今回の選挙では、政策を出して政策論争をするよりも、民進党も国民党もネガティブキャンペーンで、お互いの政党を批判・個人攻撃することばかりしていました。

このようなネガティブキャンペーンに若者は嫌気が差しているので、今回は自分の故郷に帰って投票するような様子もなく、若者にとっては全く魅力のない選挙になっていたのです。

しかし、民進党の支持者層の多くは若者です。
つまり、若者が投票に行かなければ、民進党の票が減ってしまうということです。

2年後の総統選はどうなる?

明らかに今回の失敗によって蔡総統の影響力は弱くなり、これからはポスト蔡英文の時代が始まります。

総統としての任期は残り1年と少しですが、党の主席を辞任したことでレームダック化するでしょう。

そして、今回の責任を問われる中で、内閣改造の可能性もあります。

そうなった場合、2024年の総統選挙では、蔡英文の意中の人物が立候補できなくなる可能性が非常に高くなります。

現時点で、2024年の総統有力候補は3人います。

頼清徳らいせいとく(副総統)
陳建仁ちんけんじん(前副総統)
鄭文燦ていぶんさん(桃園市長)

この3人のうち、陳建仁と鄭文燦の2人は蔡英文の意中の人選です。

しかし、今回の選挙によって、この2人が立候補する可能性は非常に低くなり、現副総統の頼清徳が総統候補になる可能性が高くなりました。

実は皮肉なことに、頼清徳の支持者たちが今回の選挙であまり積極的に動かなかったことも大敗した1つの要因です。

本人がどう思っているかは別として、彼の支持者らは、明らかに今回の選挙で民進党の足を引っ張ったのです。

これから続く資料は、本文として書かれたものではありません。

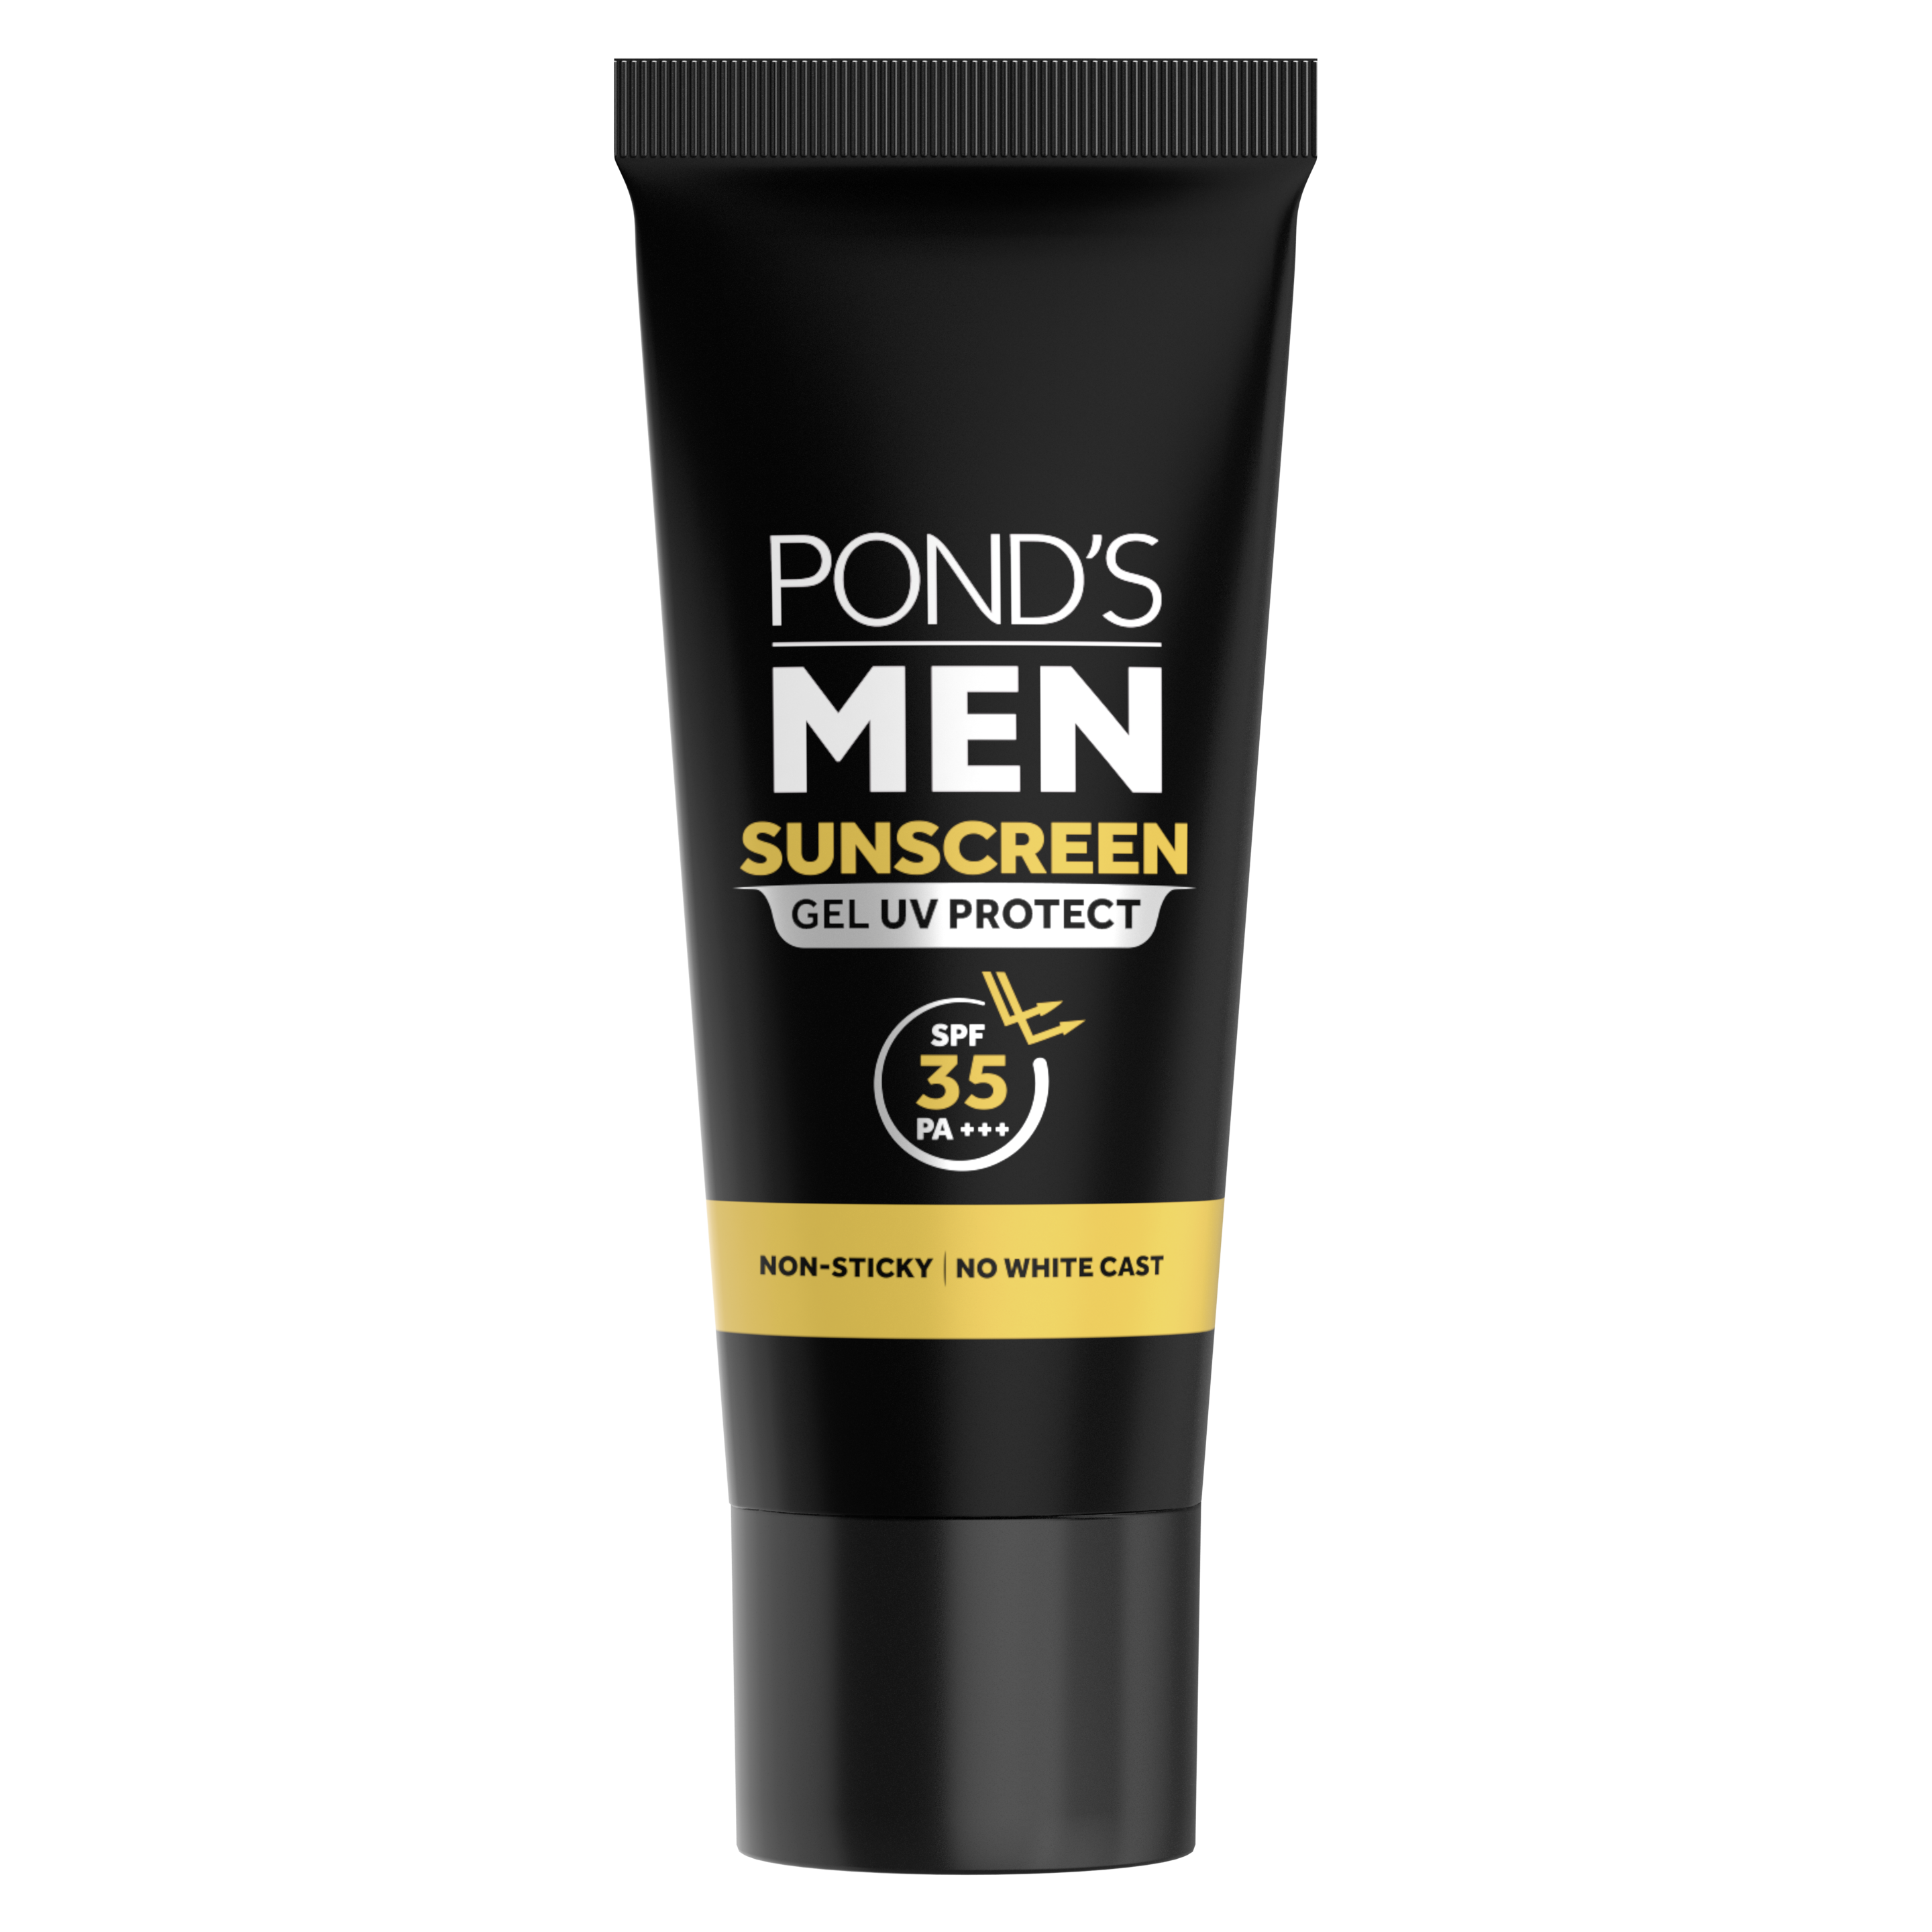 Pons's Men Sunscreen Gel UV Protect

結果的に、頼清徳にとっては、かなり有利な情勢となりました。

確かにこの3人の中で考えると、頼清徳は良い人選だと思います。

しかし、敵である国民党は今回の選挙で勢いづくはずですから、民進党もこのまま内部闘争をしている余裕は無くなり、一致団結せざる得なくなるでしょう。

そういう意味で、今回の大敗は決して長い目で見れば悪いことではありません。

民進党が、この大敗を反省して一致団結して気を引き締められるかが、今後の鍵になると思います。